Variant Calling using UseGalaxy Server
Import Data
Open the use galaxy platform and register yourself with a free account. Now we can either import our own research data or use secondary data from various genomic archives such as ENA, NCBI-SRA, etc. https://usegalaxy.org/
For secondary data, we can browse from the platform itself. To the left-hand side (LHS), there is a “Get Data” option. Click on that.
We can see a list of databases where we can select the sequence reads either a single-end or paired-end read.
The reads must be in FastQ file format. Now here, I am going to select the third option which will aid me to get the required sequence from NCBI-SRA.
Now a new dialogue box pops up, where we need to enter the SRR accession number. We can separately search for the required gene sequence and its accession number from NCBI SRA.
Once, you enter the required information, proceed to click on execute. The FastQ file will appear on the right side history tab.
Note that all the processing speed is dependent on your system specifications and also the internet connectivity.
Two separate files open up, if we are selecting paired-end reads then we need to perform a quality check on each individual FastQ file.
We can also click on the eye icon (red arrow) to view the sequence read data.
Quality Check
In the LHS, under the tools section, type in FASTQC.
FastQC is a function, which is used to check the quality of reads and by seeing this we can determine whether the reads are good enough for further analysis.
Click on the option “FastQC Read quality reports”
In the first box, select the FastQ file that is to be evaluated.
If we have adapter or contaminant list, we can add in the boxes below.
Let all other options be in default settings. Go to the end of the page and click on execute button.
A total of ten parameters is displayed in the FastQC report of which per base sequence quality, per base sequence content, and per sequence GC content are the most important ones.
These three parameters need to be in green color to proceed further.
Here, the per base sequence content is in red color. Then, we have to improve the quality of the reads through another function Trimmomatic.
Click on the per base sequence content (information about the ATGC content).
Here, we can see that in the initial stage, there are so many inequalities between A, T, G, and C. If we trim that portion, then we may have a quality read on our hands.
Trimming Reads
Search for the function Trimmomatic under the tools tab. Now, select the second option from the list.
At first box, select whether we are using single end or paired end reads.
Though we have taken paired end, now we are only going to trim a single file hence single end has been selected.
If we select paired end, then we can do trimming action for both the files simultaneously.
•As we scroll down, we can select the trimming operation that is to be carried out.
In FastQC report the problem only existed in the start of the reads, hence we have selected “cut bases off the start of a read”. Other options are also available according to ones purpose.
Once selected, click on the execute option.
The trimmed FastQ file will be available in the RHS.
We can again perform quality check to make sure the problems has been rectified.
If not, then re-sequencing must be carried out.
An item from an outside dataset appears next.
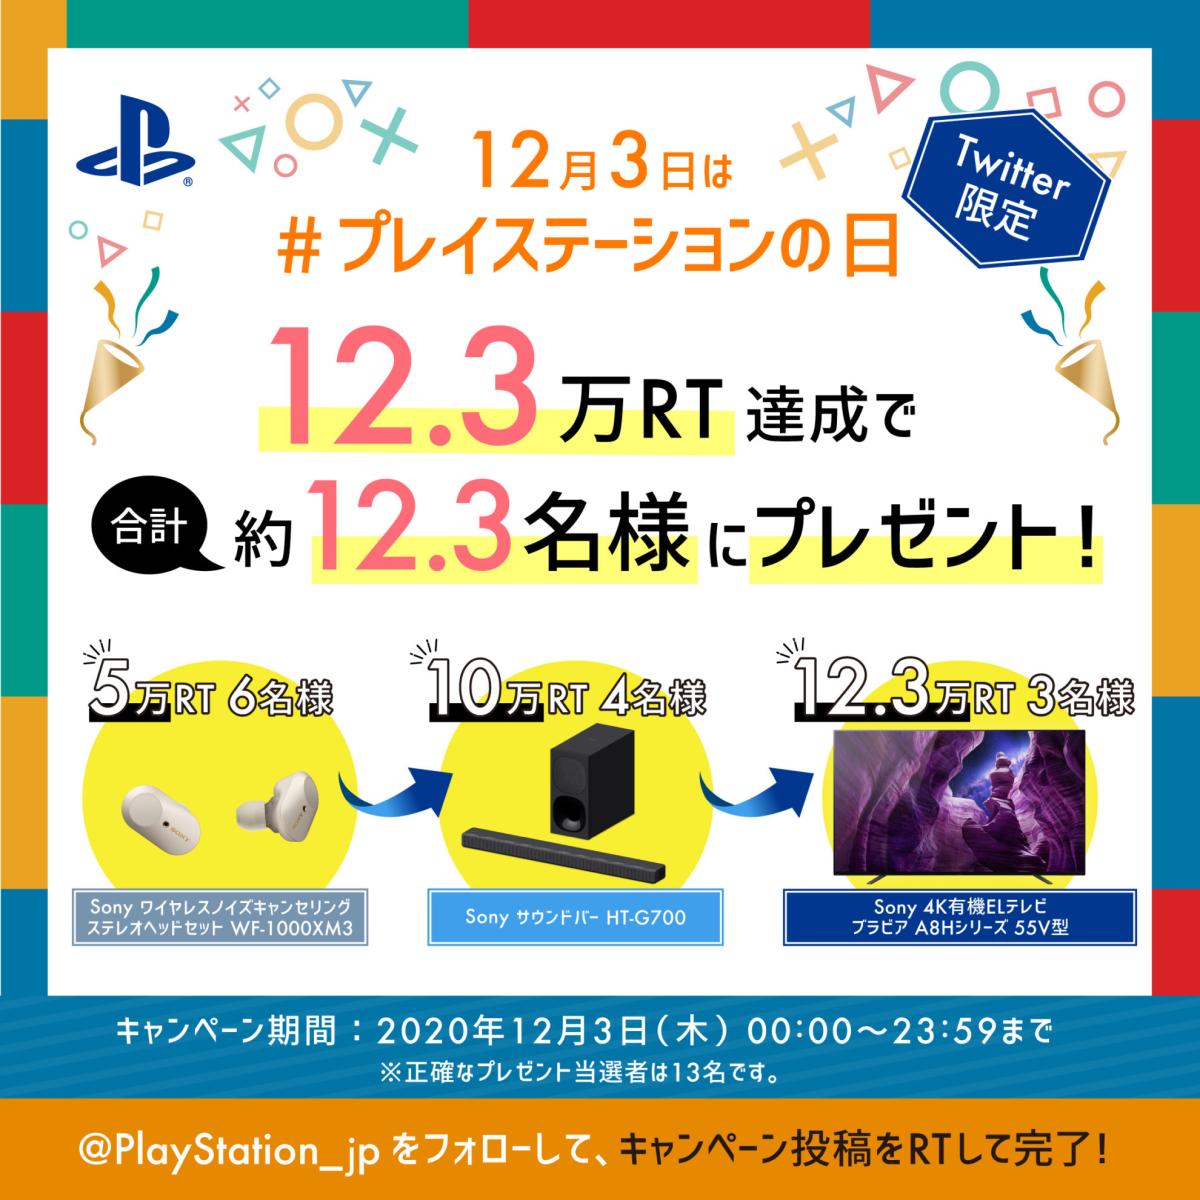 初代“PlayStation”発売日記念「#プレイステーションの日」キャンペーン開催、豪華プレゼントも fcb133219cec293c38405505ae4ac0a5
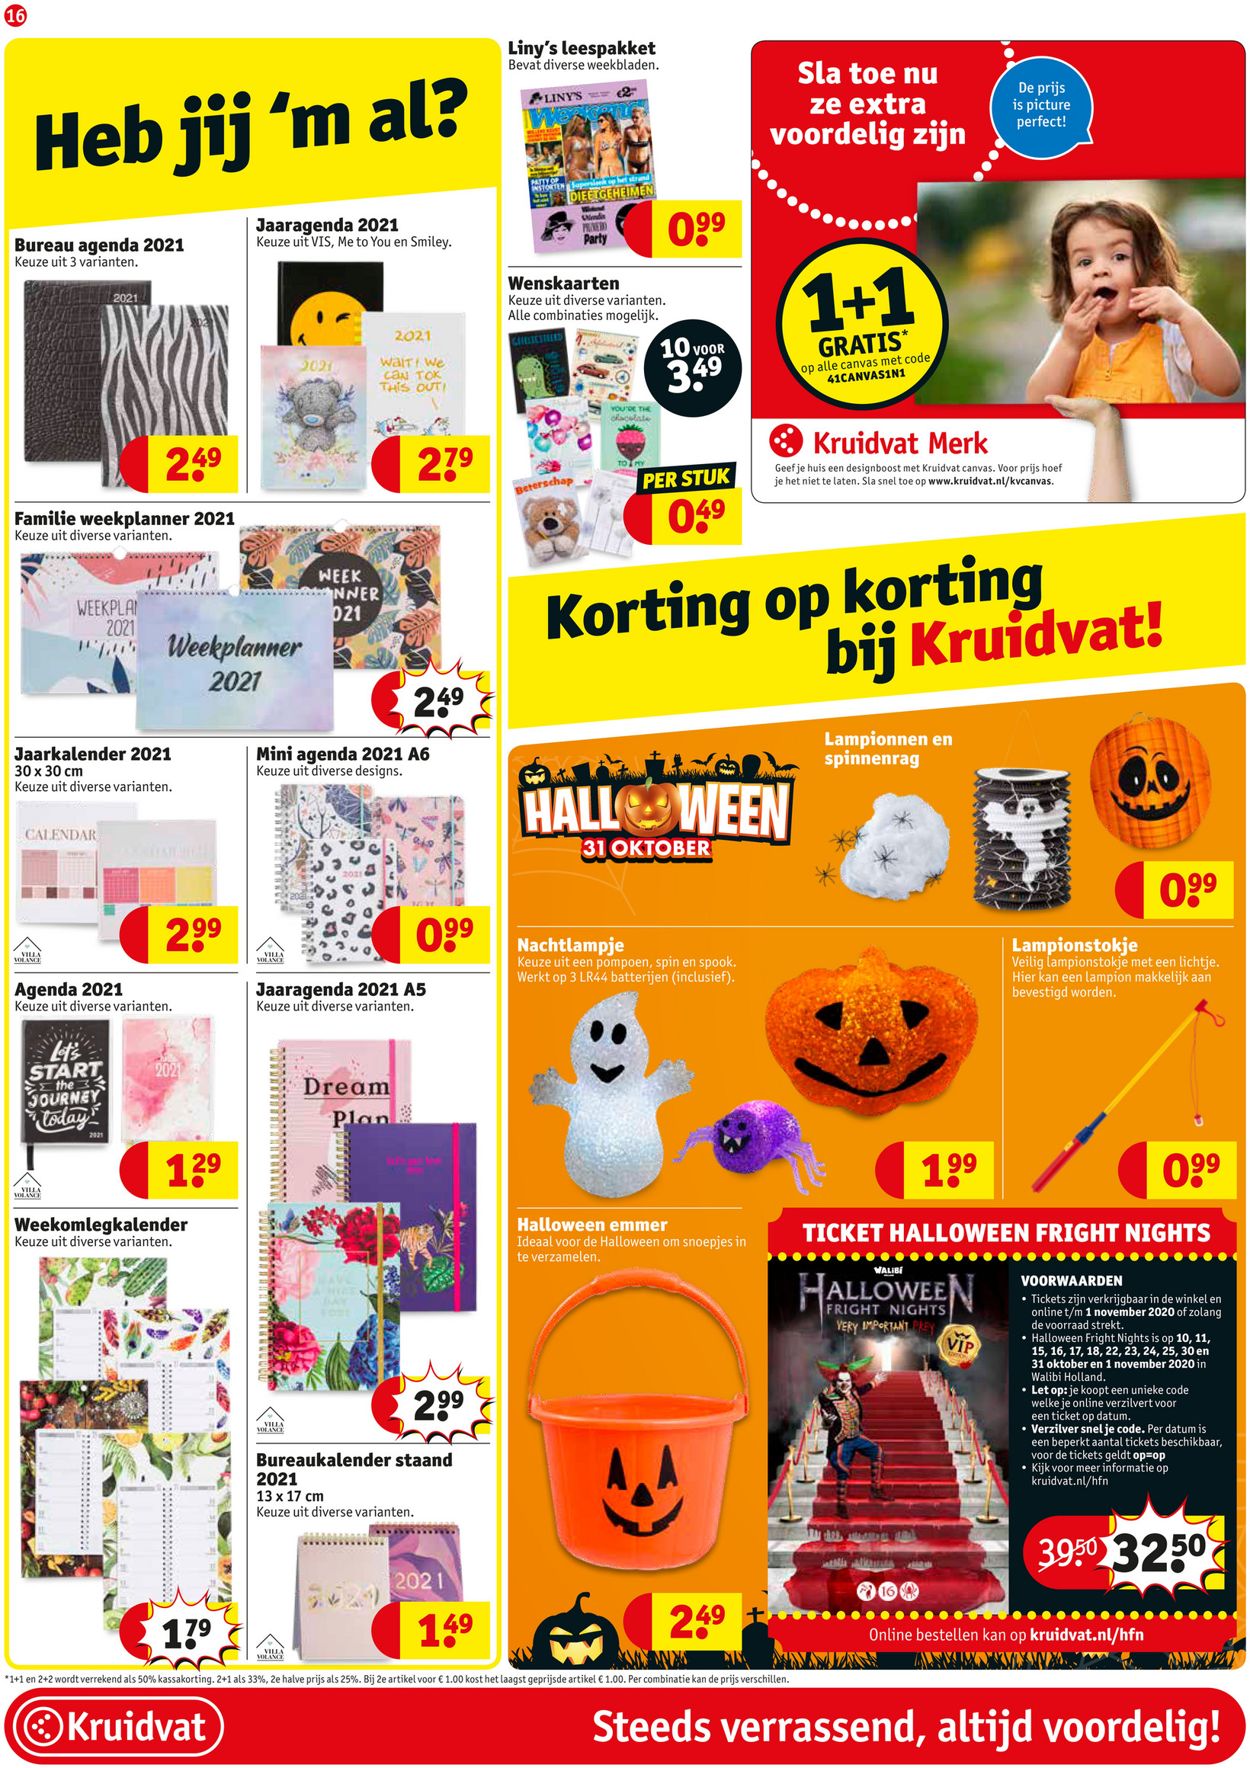 Leerling Piraat koppeling Kruidvat Actuele folder 13.10 - 18.10.2020 [16] - wekelijkse-folders.nl

For further analysis, we have to use this trimmed file.
Similarly, the process must be done to the other FastQ file as we have taken paired end reads.
Mapping of Reads
Search “bwa” in the tools tab.
Two functions show up namely, Map with BWA and Map with BWA-MEM. The former is used if the read sequence is less than 100bp and the latter is used when the read sequence is more than 100bp.
We will select BWA-MEM
Select the reference genome to which the mapping needs to be done.
Below that, select whether it is paired-end or single-end.
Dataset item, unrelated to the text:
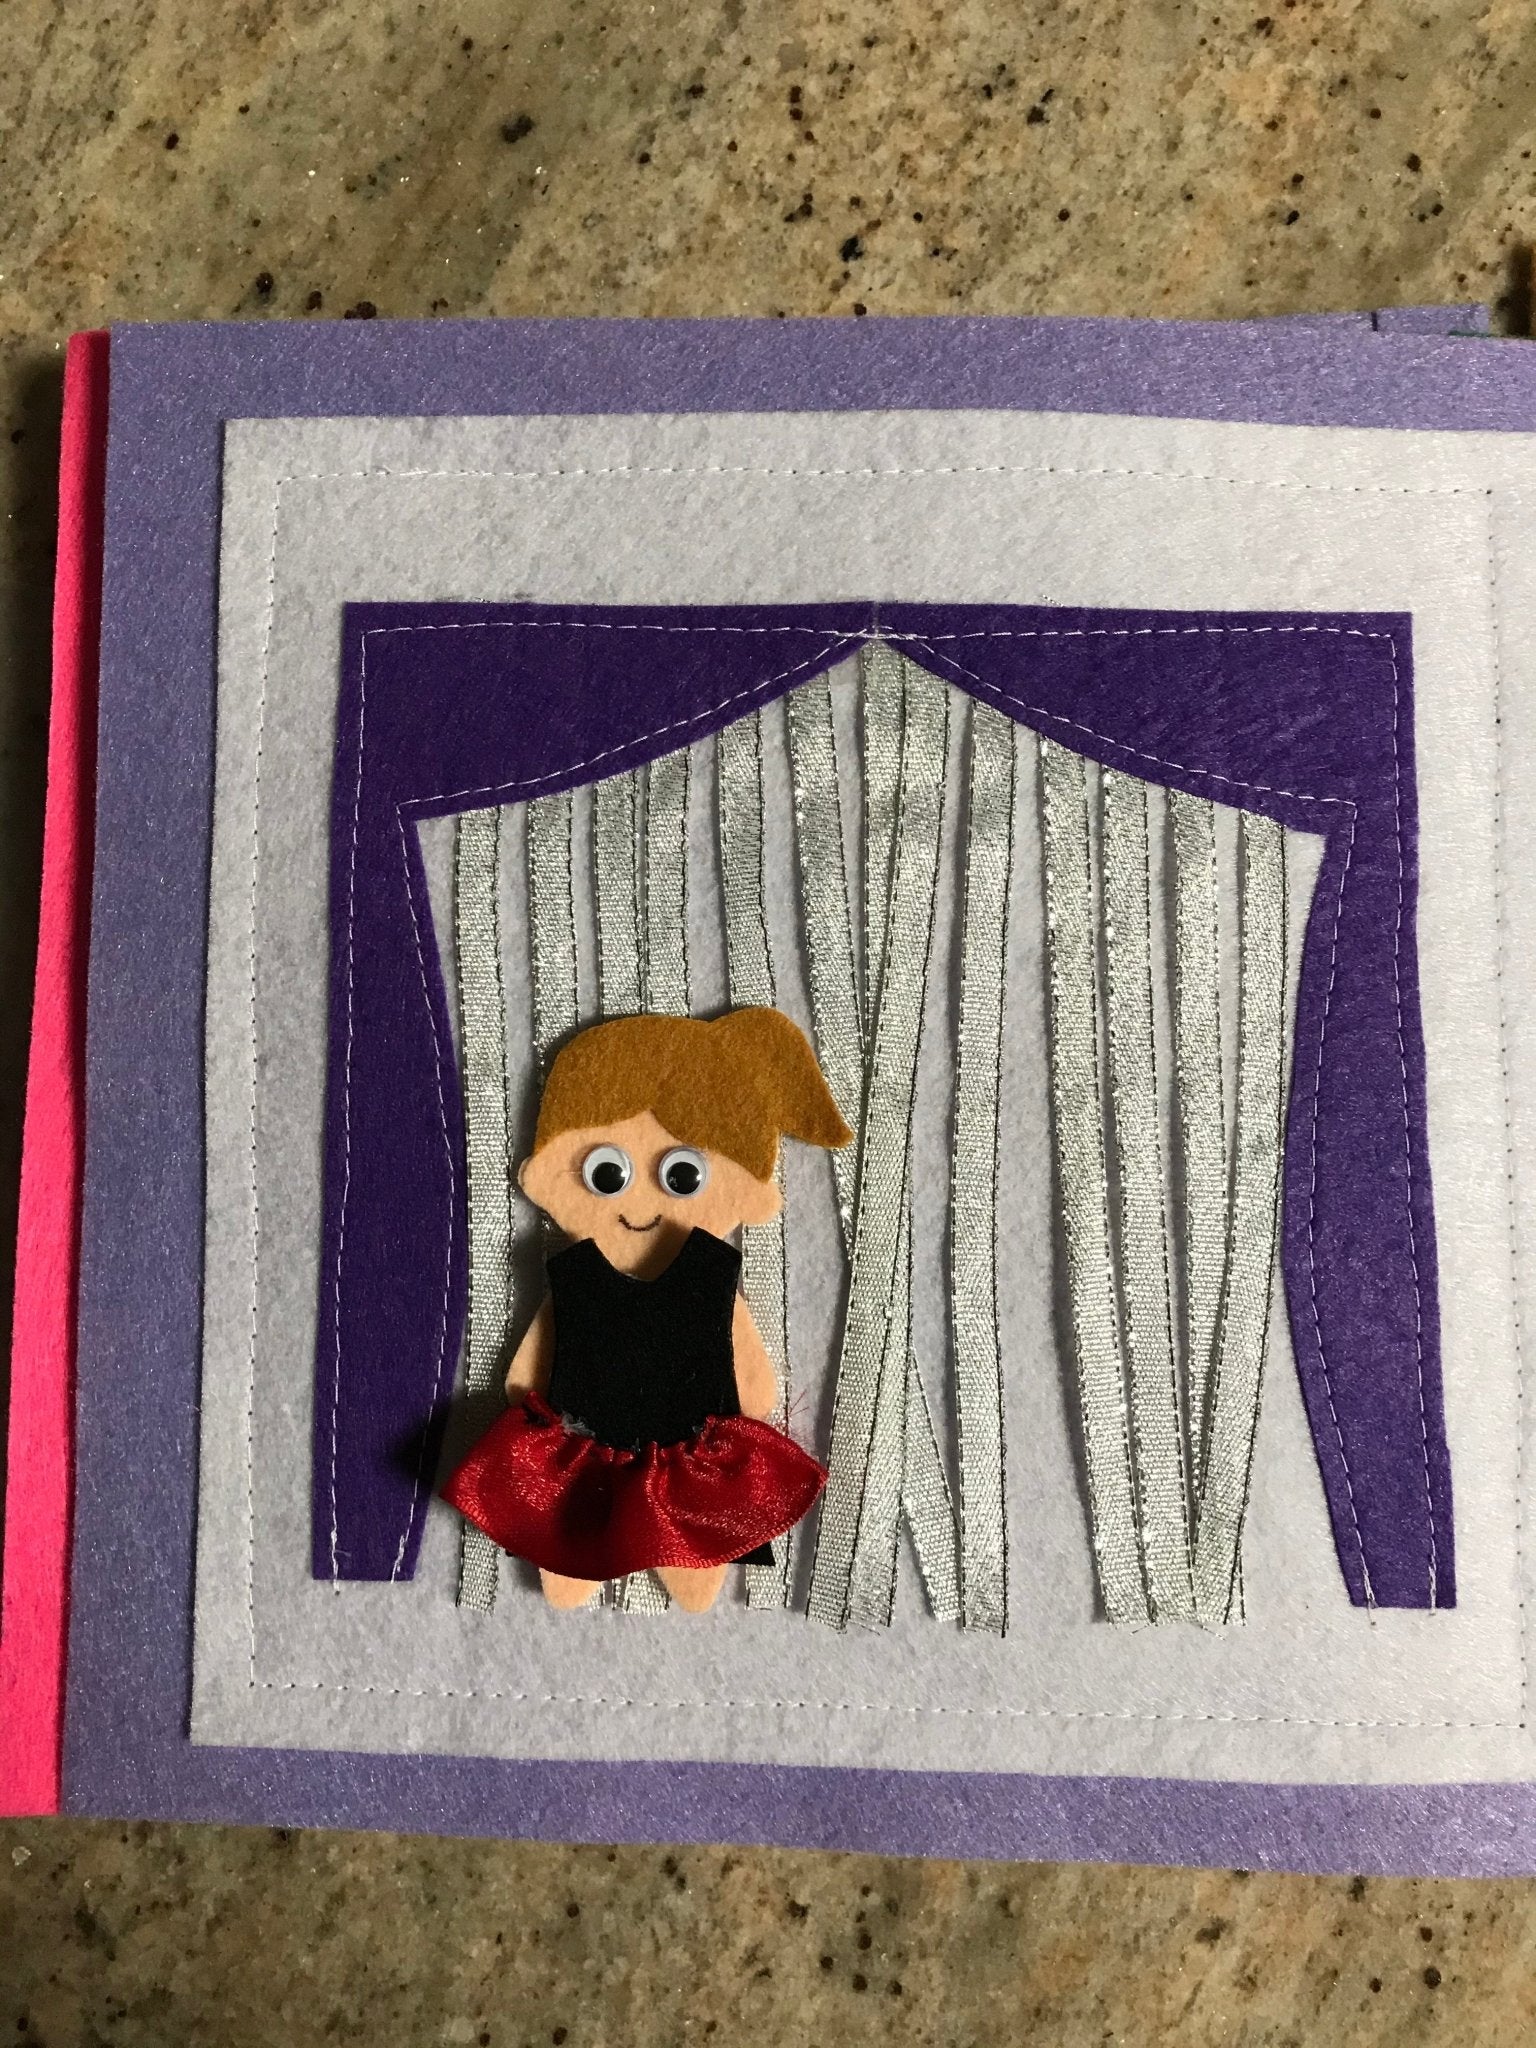 Quiet Book DIY kits – LittleBean's Toy Chest

Select the trimmed FastQ files in the subsequent boxes.
Select the analysis mode based on the sequencing platform used.
Click on execute
The mapped file will be in BAM file format in the RHS from where we can view the file.
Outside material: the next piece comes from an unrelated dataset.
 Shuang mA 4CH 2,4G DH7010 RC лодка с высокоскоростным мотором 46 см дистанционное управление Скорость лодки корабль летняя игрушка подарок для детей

BAM file includes the chromosome number for these short fragments of reads, their size and the corresponding sequences as given above.
Variant Calling
Search function FreeBayes and select from the option.
Select the BAM file as the input file for variant calling.
Again select the appropriate reference genome.
Set the parameter selection for simple diploid calling.
Click on execute option at the bottom
File is saved in VCF file format.
We can see information such as, the SNP variation between the reference genome and the sample, along with their position in the chromosome.
The same VCF file can be converted to GIF file to do Annotation (functional regions) using another server namely, Wannovar.